"All I Want For Christmas Is A Divorce!" An Open Letter to My Ex

blown away
Love, Heartbreak

Then he told me he was in love with another woman (and this news ended up being a gift in disguise).

Dear Ex-Husband,

I thought of you today. It happens almost every Christmas when I put up the Christmas tree. The scene replays in my mind and I swear I can once again hear you saying to me, "All I want for Christmas is a divorce; I'm in love with someone else".

My body still recalls the moments after you said those words. My heart stopped, I couldn't breathe, and it felt like the roof and walls were caving in. For a moment I thought I would die.

But, I didn't.

It's almost funny now (years later), but it certainly wasn't then. I remember thinking: Are you freaking kidding me? It's Christmas Eve!

If I had the wisdom and the emotional resilience then, that I have now, I'm sure I would've done things differently. Perhaps, after time and the shock wore off, we could have even parted as friends. That wasn't the case.

Instead, my autopilot survival switch kicked in, and 40 thousand hormones began surging through my body, preparing me to fight or flee. If memory serves me, I did both at the same time.

If, in that instant, the wisest part of me had shown up, with the emotional intelligence and resilience I've developed since then, I'm sure I would've asked for a time out, gathered my thoughts, and regained my emotional balance. Instead, I threw you, your clothes and my wedding rings out the front door screaming "Merry f*cking Christmas to you and good night, you lousy cheater," while in the same breath begging you not to go.

I wish I'd been more emotionally resilient; it would have saved us both a lot of pain.

If the emotionally present, authentic, and wiser marriage partner in me now had been a party to our relationship, I would've done things differently, both in that moment and in our marriage. I would have loved me, listened to and honored the quiet voice inside me, instead of hiding from my fear that you were having an affair.

I would've stepped up, taken responsibility for my feelings, and actively voiced my concerns about the marriage many years before I did. I was ready to call it quits long before you did. The fact is, I left you (and myself) emotionally long before you left.

I stayed in the marriage because I didn't want to experience the fear and the pain, the same pain I watched my parents and friends go through on their divorce journey.

I didn't know than that in the end, you were honest about your betrayal and dishonesty. I wasn't honest about my dishonesty with either one of us.

Now, I'm absolutely sure that you "don't know what you don't know until you know it." You won't know what you don't know, unless you're truthful with yourself and others.

The gift you gave both of us that Christmas was the freedom to share authentically with ourselves, each other, our friends, and family.

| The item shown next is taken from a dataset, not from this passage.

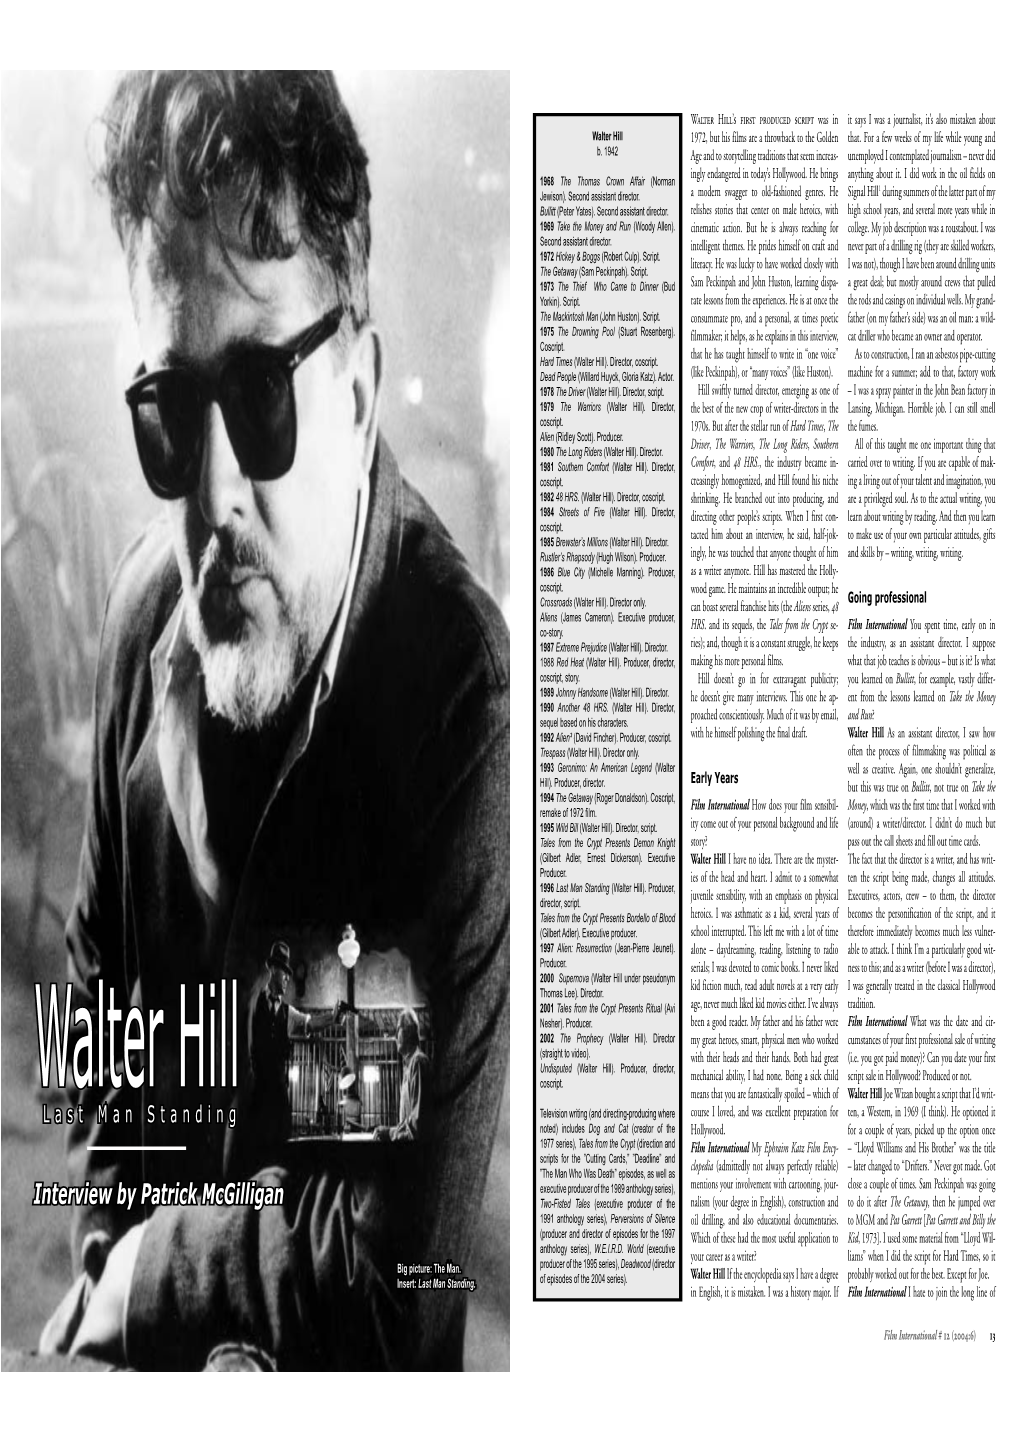 Walter Hill Interview (FI #12)

Over the years, I've come to appreciate and value the courage it took to show up and ask for what you wanted, regardless of the risk or cost. I consider it one of the best presents you ever gave me; but, I admit it took some time to get here.

The events that night forced me to dig deep inside myself, reclaim the parts of me I'd tucked away, and begin reinventing my relationship with myself from the inside out.

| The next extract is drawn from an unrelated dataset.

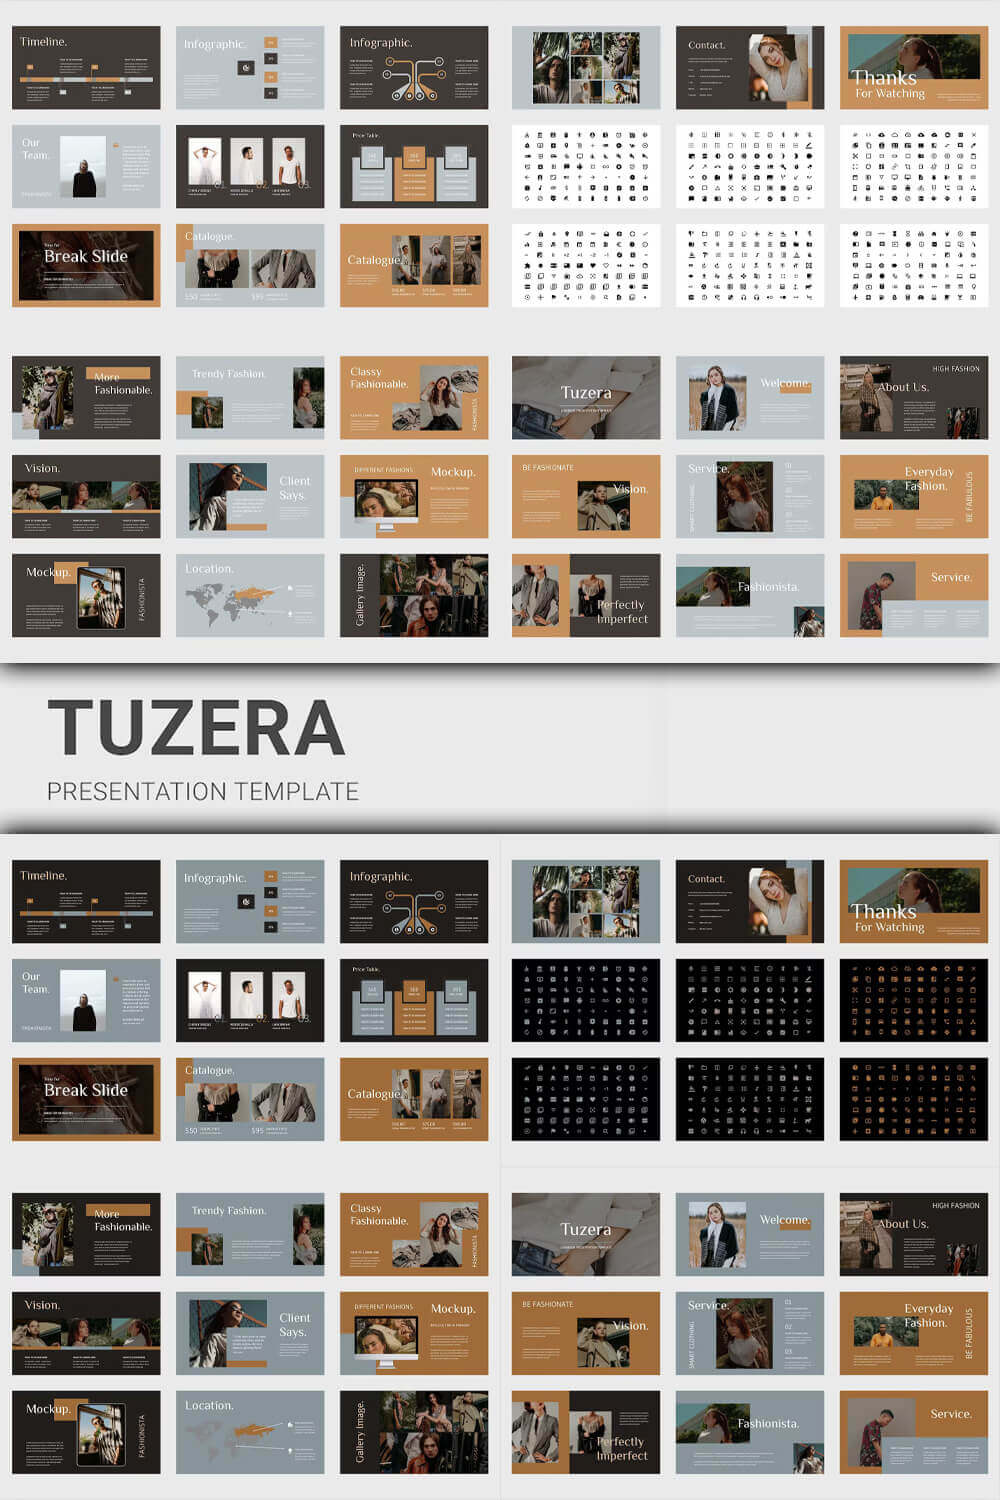 Catalogue of Tuzera Presentation Template.

One of the insights I discovered along the way is that while honesty, compassion, unconditional love, acceptance, and forgiveness are typically my autopilot response with others, I rarely give those to myself.

This year, I'm giving myself permission to store the memory of that night away for good. Next year, when I pull the tree out and all the boxes of decorations, I'll leave that box of memories on the shelf.

I'll invest my emotional energy in creating Kodak moments with the man I share my life with now, who's also a beneficiary of your gift. We both thank you and wish you and yours a Merry Christmas and Happy New Year.